How the A/B test varied the gender of the narrator, and why we decided to test this question

At the beginning of the 2016 Kharif season, PAD implemented an evaluation to test four different narrator voices to see how they impacted farmers’ listening rates. Approximately 3,000 farmers, who were registered as Krishi Tarang users at the time, were each assigned to receive calls from one of four different narrators: a male agronomist (who identified himself as an agronomist during the recording), a farmer (generally male, who identified himself as a farmer during the recording), male voice (no occupational emphasis), or a female voice (no occupational emphasis).

This A/B test took place over four weeks during Kharif, from the end of May to the 21st of June, 2016. 

Results of this A/B test

No statistically significant differences were observed among the listening rates across the four groups (i.e four voices). No one voice emerged as the best choice. 

Implications for programming and future research

Given that there were no statistically significant differences in listening rates observable across the four voices, no changes were made to the service.

Quo Vadis?

To recap: in Uganda, switching from a male narrator to a female narrator led to higher engagement, while in Ethiopia, the opposite was true. In Gujarat, there were no significant differences based on either the gender or the stated expertise of the narrator.

From a social science perspective, these results underline the extent to which gender is a social construct bound by time and place. Gender dynamics are highly context-specific, and findings cannot easily be generalized from one setting to another. The association between a narrator’s gender and their perceived expertise is just one of many important questions that we, as researchers, must try to understand before drawing firm conclusions about the role of the narrator’s gender on listening rates within a given population. At a more general level, these diverging results reinforce the importance of local learning and local knowledge, and the importance of customizing our services and information in situationally-appropriate ways (see for example our recent blog post on more intentionally understanding the needs of female farmers in the Kenyan dairy sector).
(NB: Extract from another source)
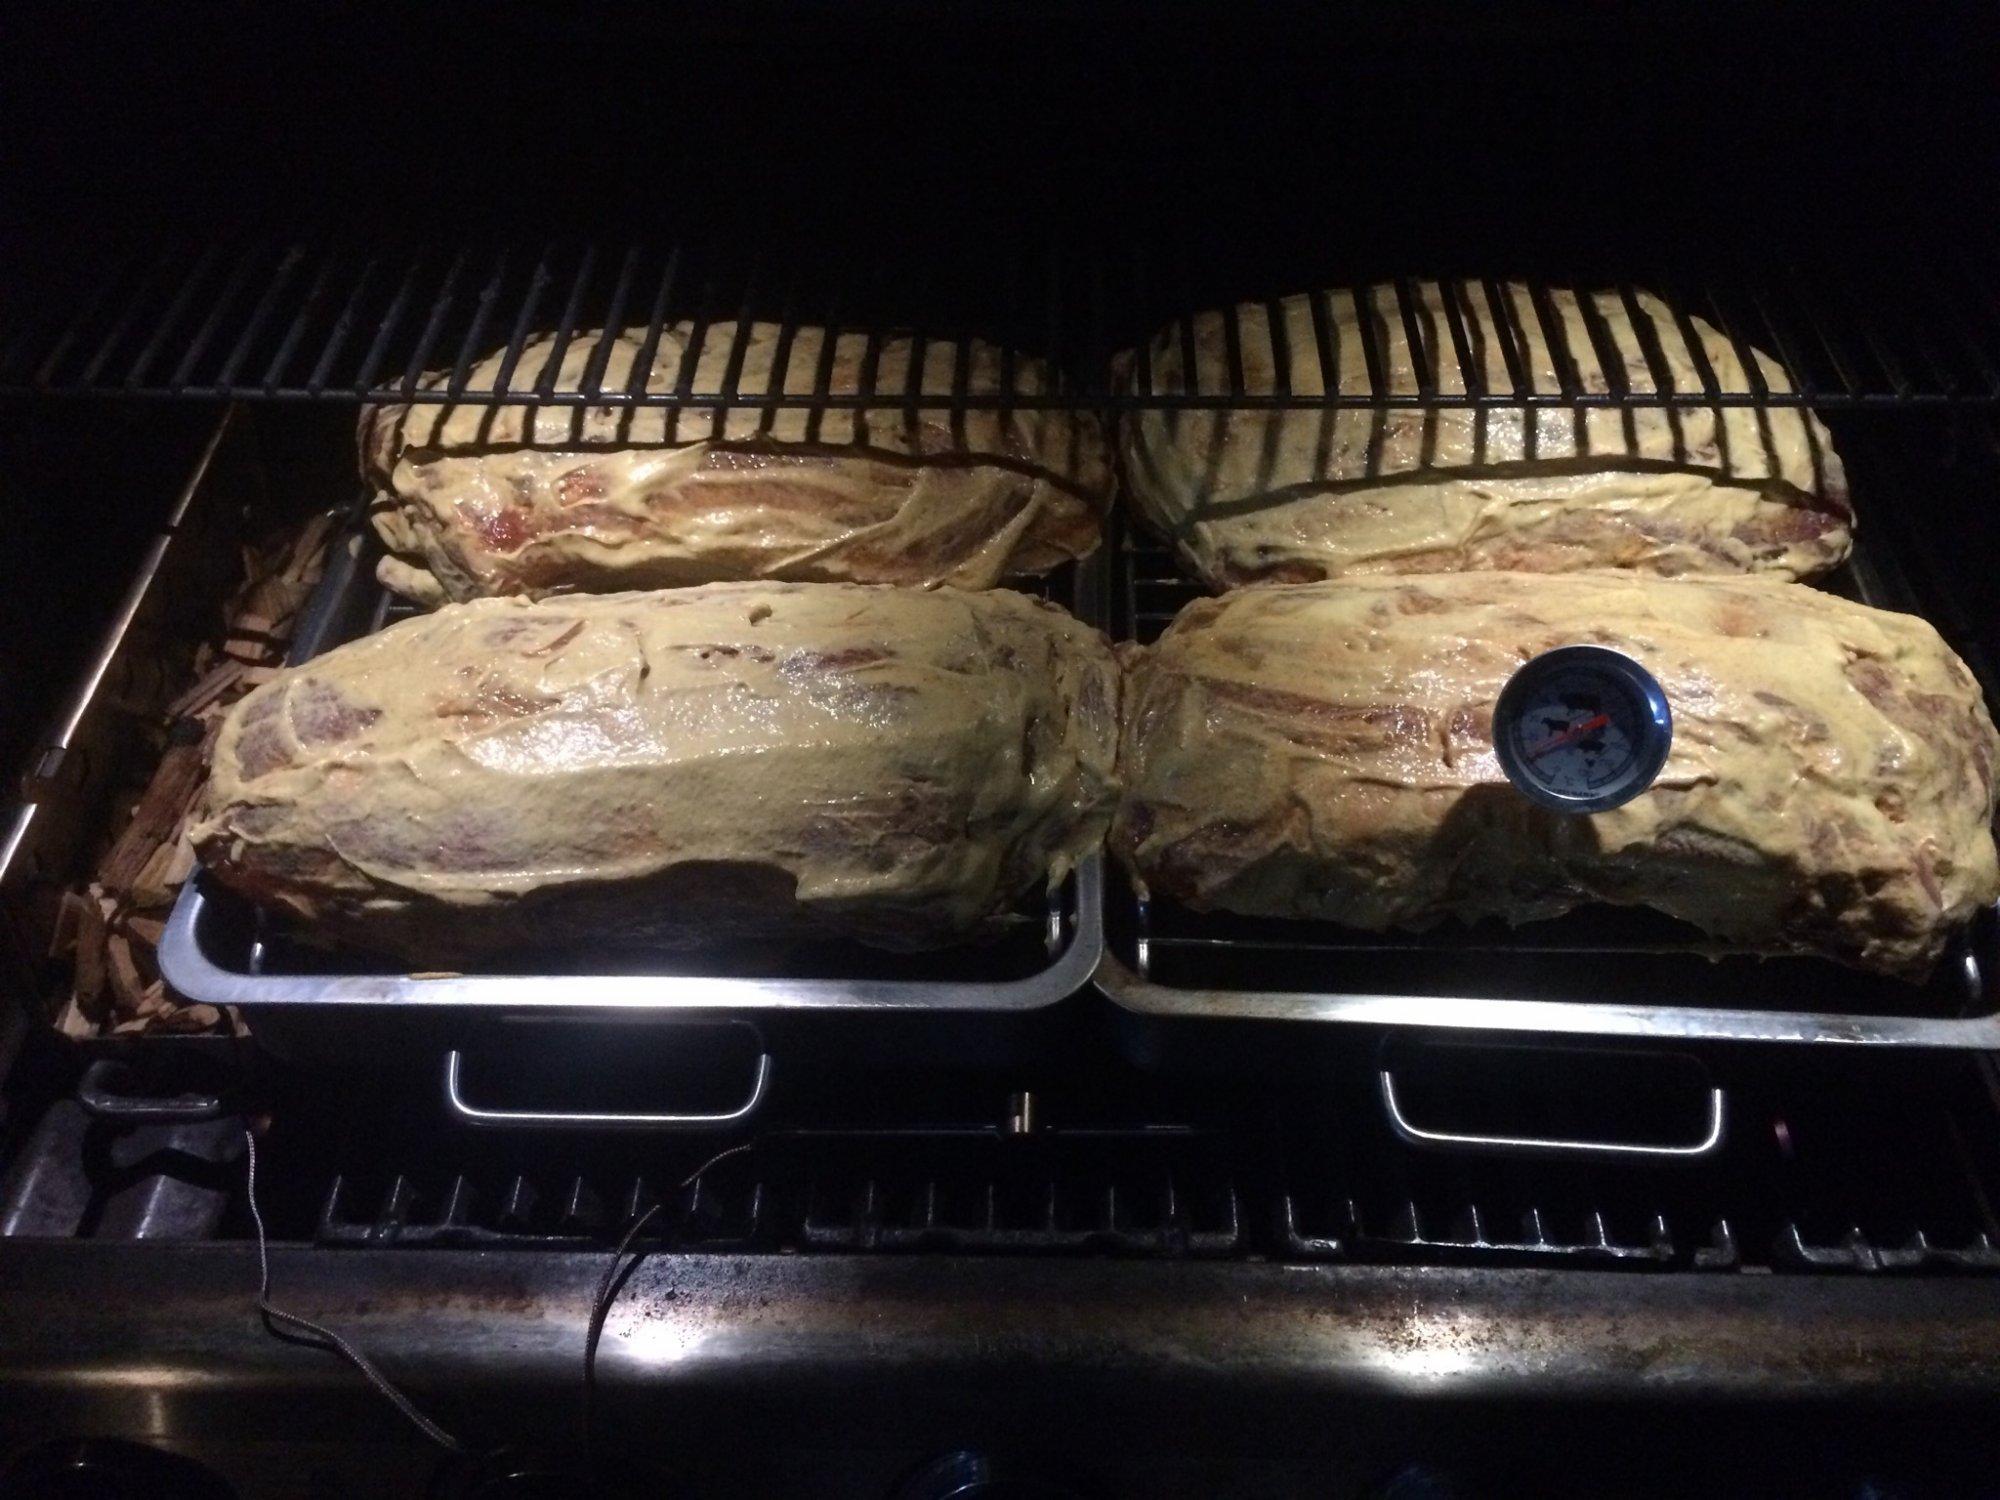 Pulled Pork Gasgrill Grillsportverein : Pulled pork im gasgrill ohne wasserschale grillforum und bbq www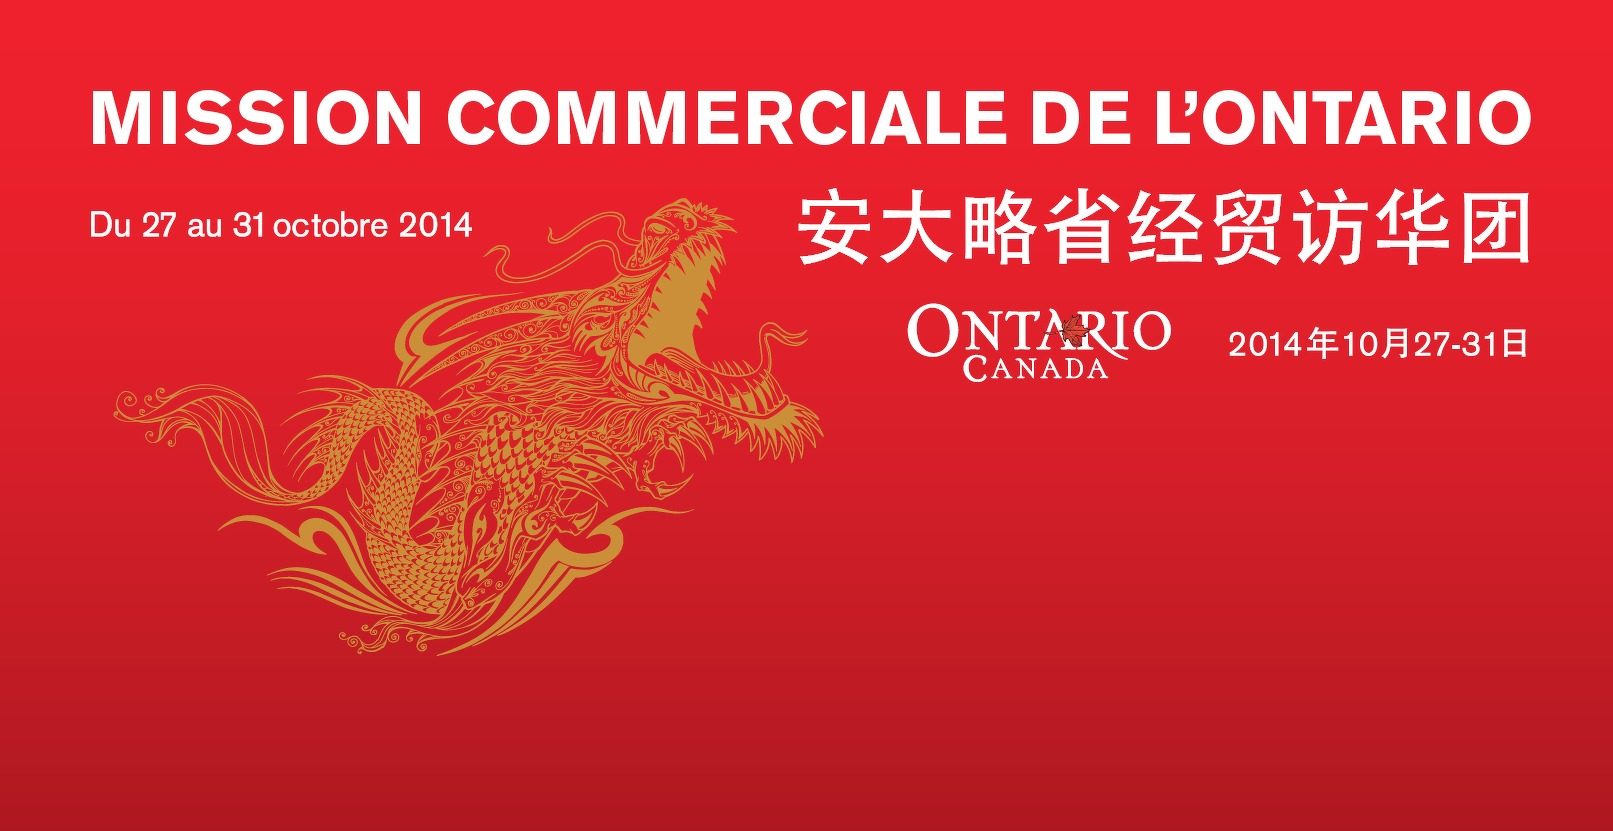 L'Ontario annonce une mission commerciale en Chine

From an implementation perspective, these results demonstrate the value of collecting data on the gender of PAD users to improve both individual customization and overall program design. However, collecting detailed information on user characteristics involves important tradeoffs: We need to ask more questions of farmers to deliver personally-tailored services, yet asking too many questions will lead some farmers to drop off. Other farmers may balk at perceived privacy implications. Moreover – as detailed in another recent blog post – in smallholder households, mobile handsets are often shared among adults, so we are not always sure whether the person answering the phone is the person whom we have profiled.

As PAD continues to emphasize gender in our research and program implementation, we anticipate wrestling with difficult questions. For example, what if we find that behavior change is more likely to occur when our content is delivered in a way that reinforces patriarchy or other existing social prejudices (e.g., a narrator whose accent is associated with a particular social class or privileged group)? On the other hand, we have also begun to consider whether our service might be able to specifically target social biases based on gender and other characteristics. For instance, we might test two versions of a message delivered by a female narrator: one that includes an introduction highlighting the narrator’s technical skills, and one that doesn’t, to understand whether emphasizing the narrator’s qualifications might generate additional behavior change.